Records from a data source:
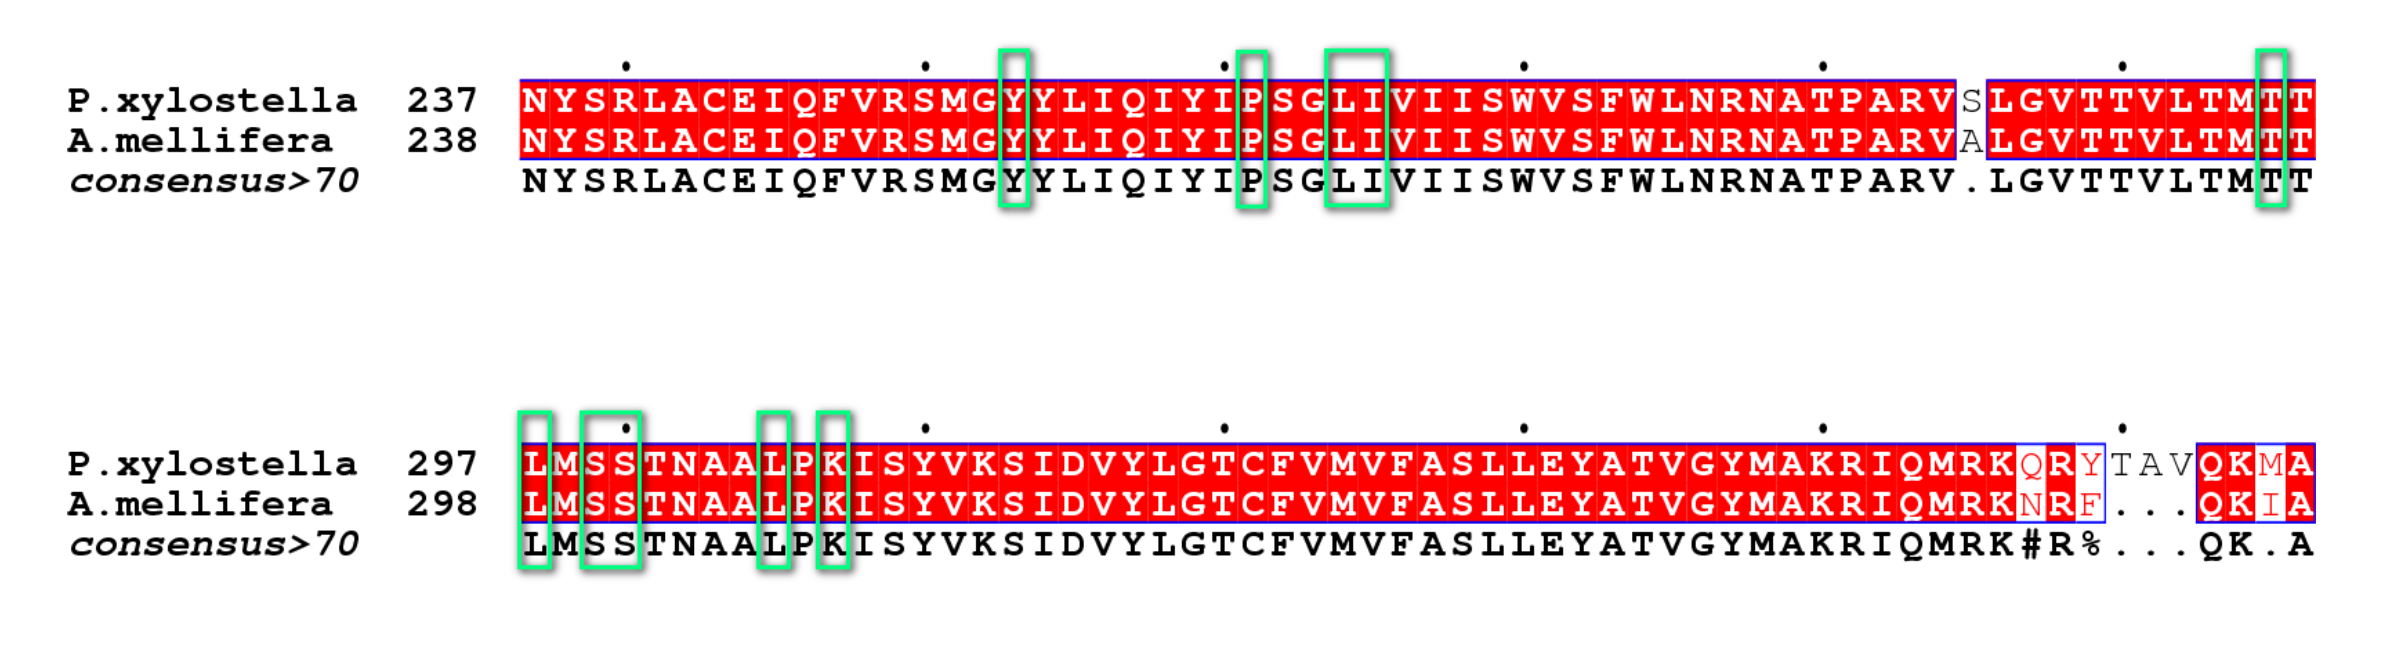 图3. P. xylostella GABAR和A. mellifera GABAR蛋白质序列的比对。红色背景上的白色字母代表相同的氨基酸，白色背景上的红色字母代表相似的氨基酸，绿色方框中的氨基酸代表与结合口袋中的氟噁唑酰胺对映体相互作用的残基。
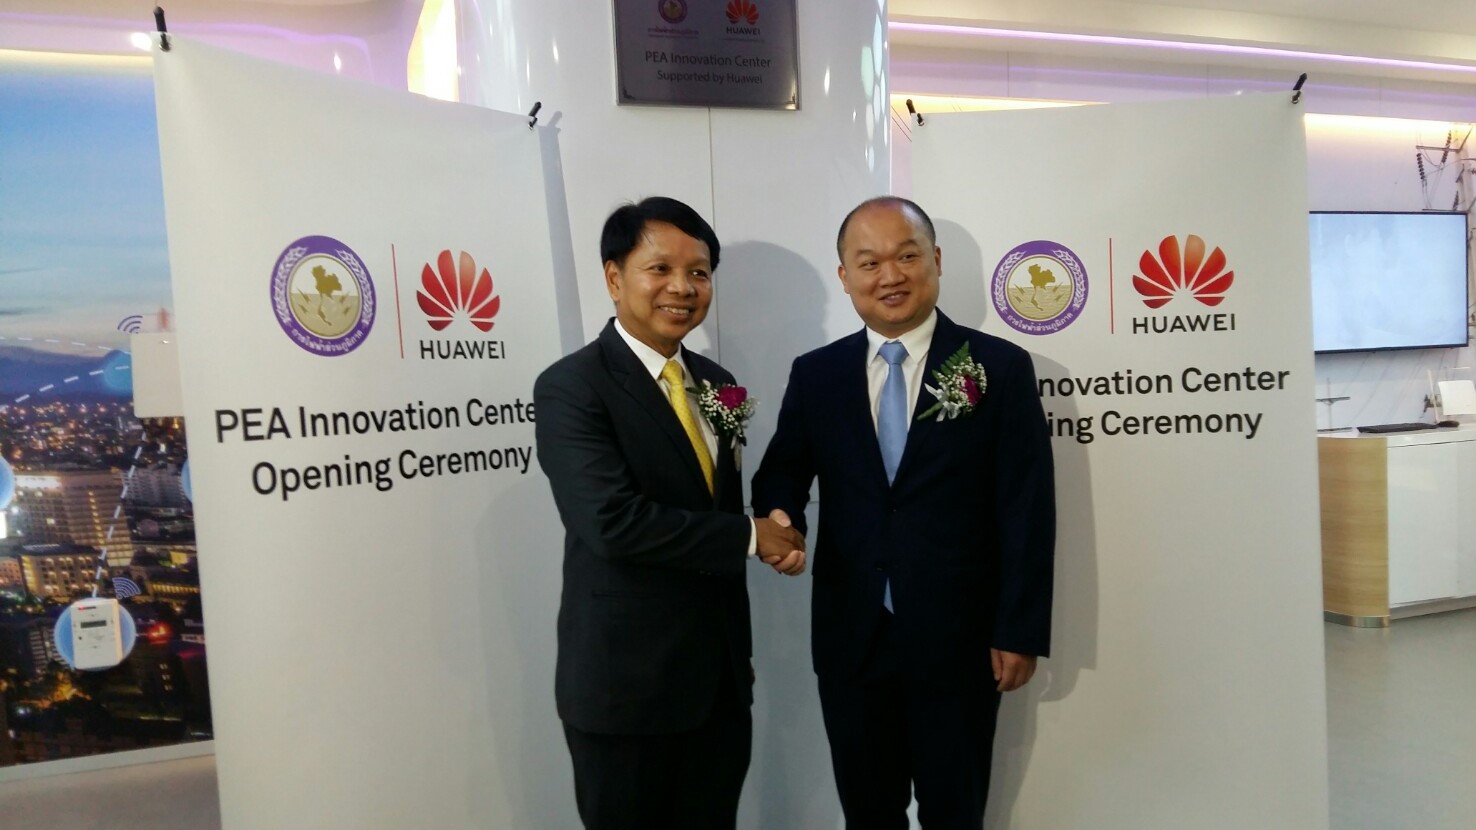 กฟภ. ร่วมกับ หัวเว่ย ประเทศไทย เปิดศุนย์นวัตกรรมด้านพลังงานไฟฟ้าแห่งแรกในประเทศไทย
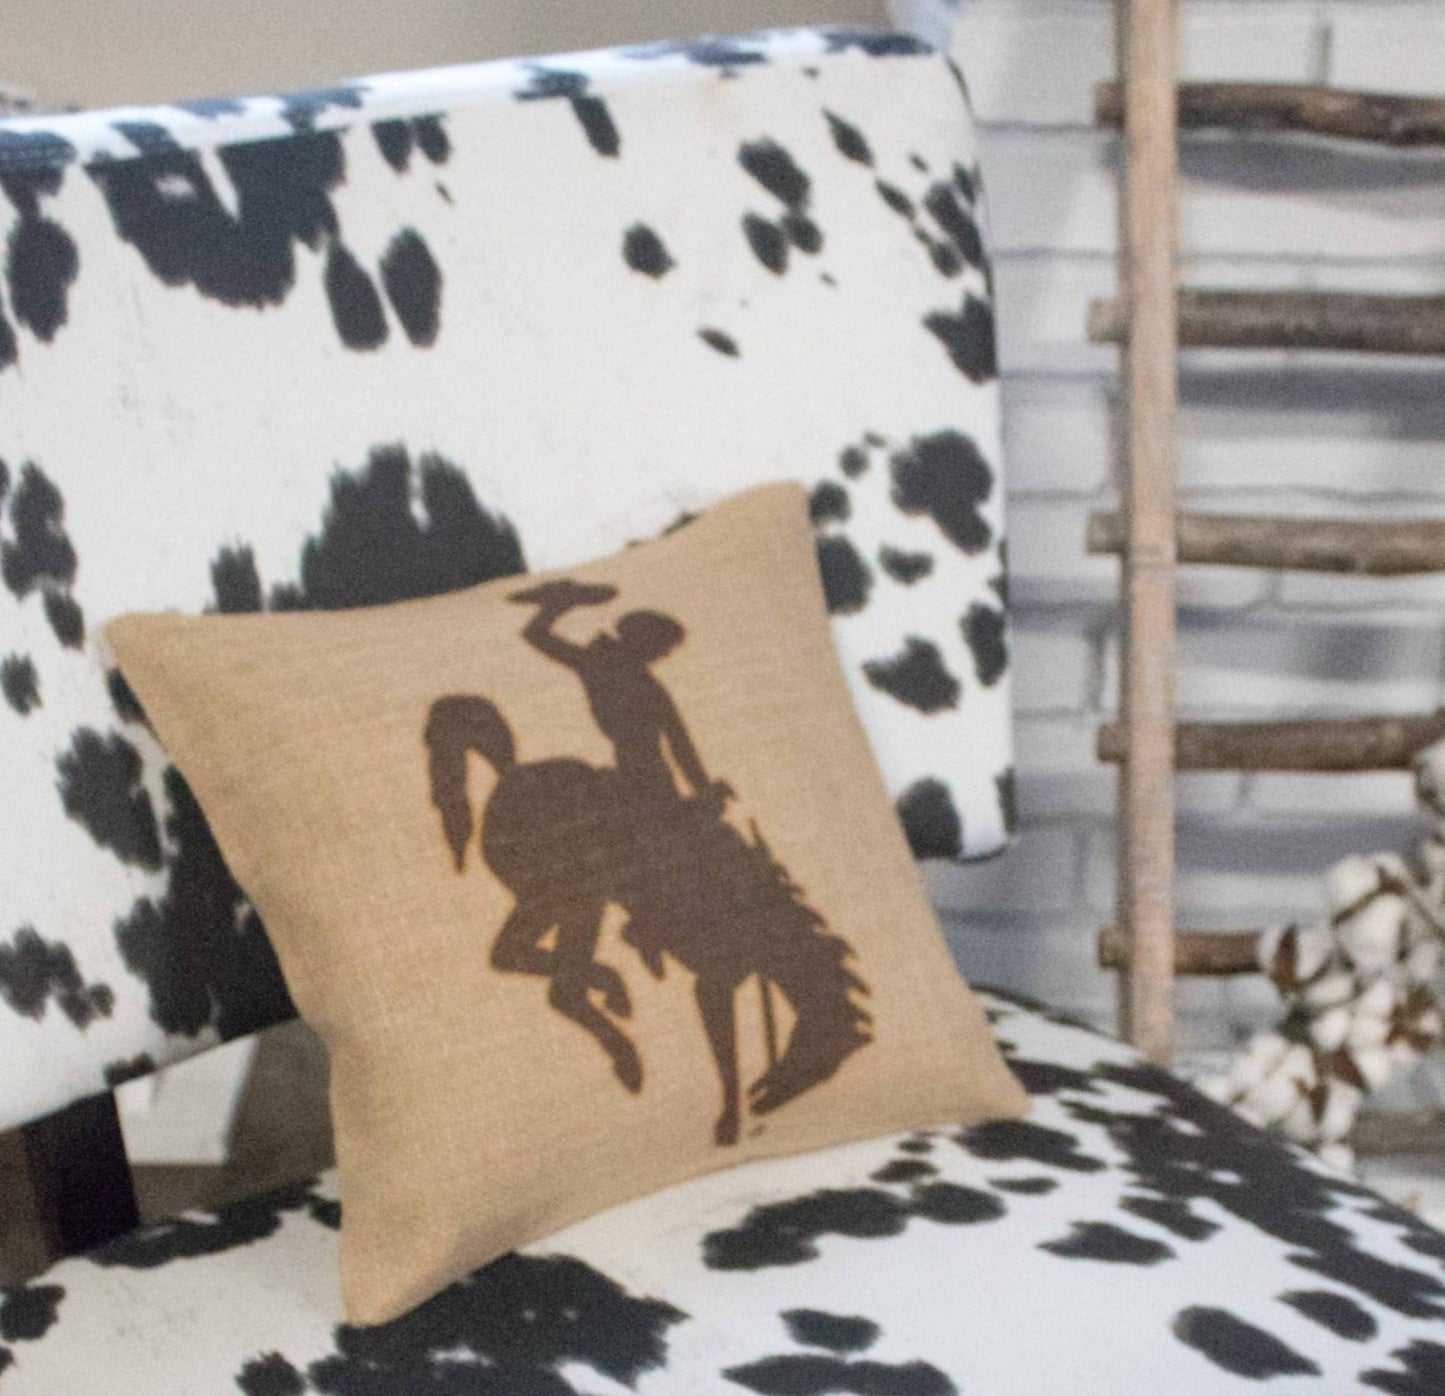 Brown & Gold Wyoming Bucking Horse Throw Pillow
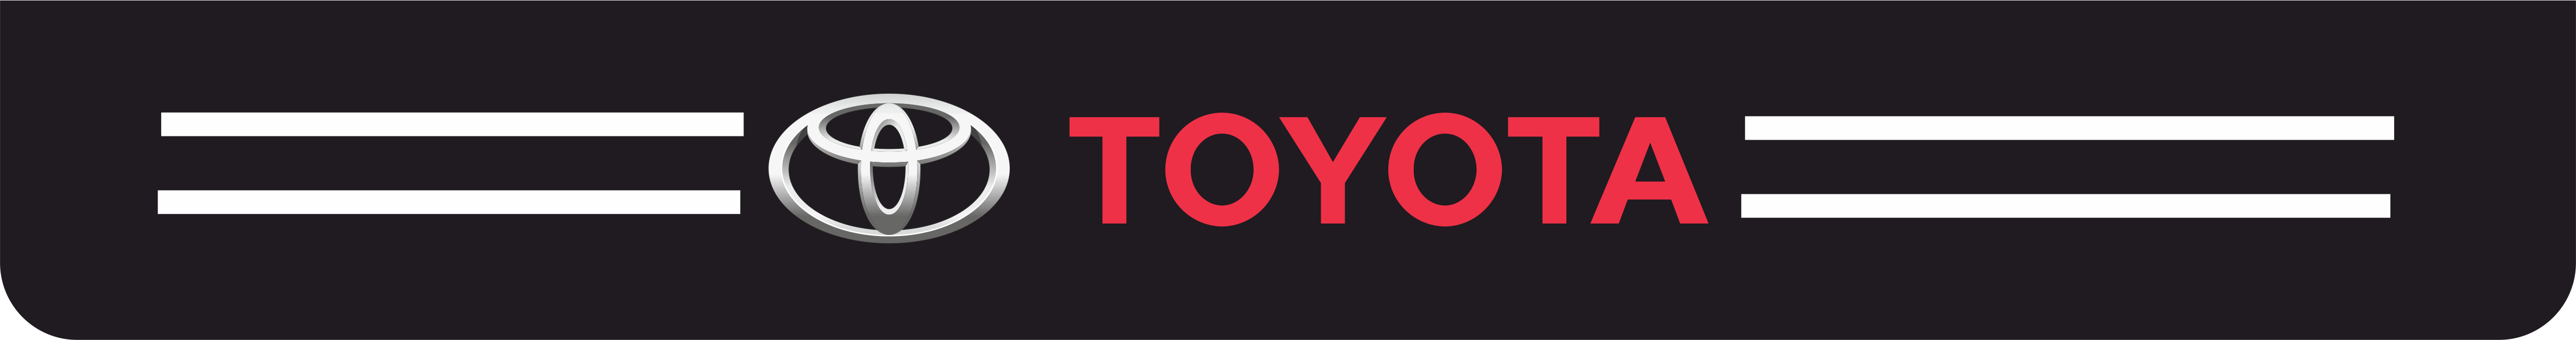 toyota - Toyota kapı eşiği sticker
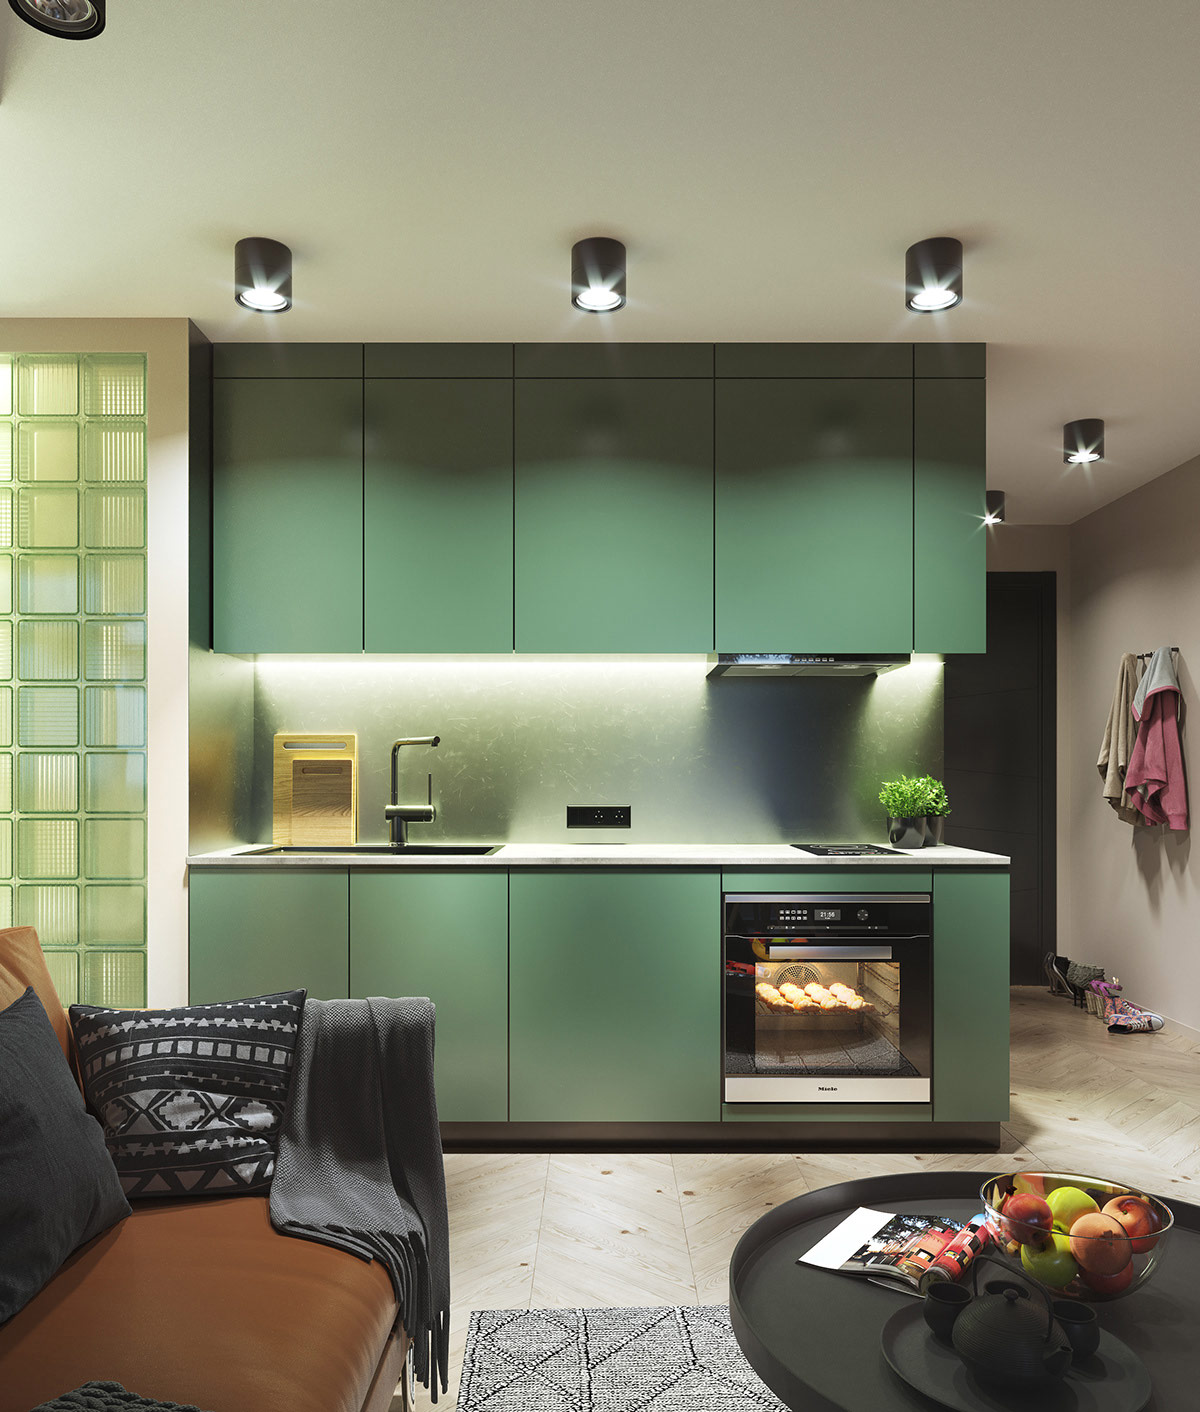 Bên cạnh nhà bếp màu xanh lá cây, gạch kính cùng tông màu tạo sự thống nhất, hài hòa cho tổng thể không gian sinh hoạt chung.

* [YOUR INSTRUCTIONS]
Write out word for word every line from the line with "Brown & Gold" through the final line of the records, both included, skipping the pictures.

* [SOLVED PROBLEM]
 Brown & Gold Wyoming Bucking Horse Throw Pillow
 toyota - Toyota kapı eşiği sticker
 Bên cạnh nhà bếp màu xanh lá cây, gạch kính cùng tông màu tạo sự thống nhất, hài hòa cho tổng thể không gian sinh hoạt chung.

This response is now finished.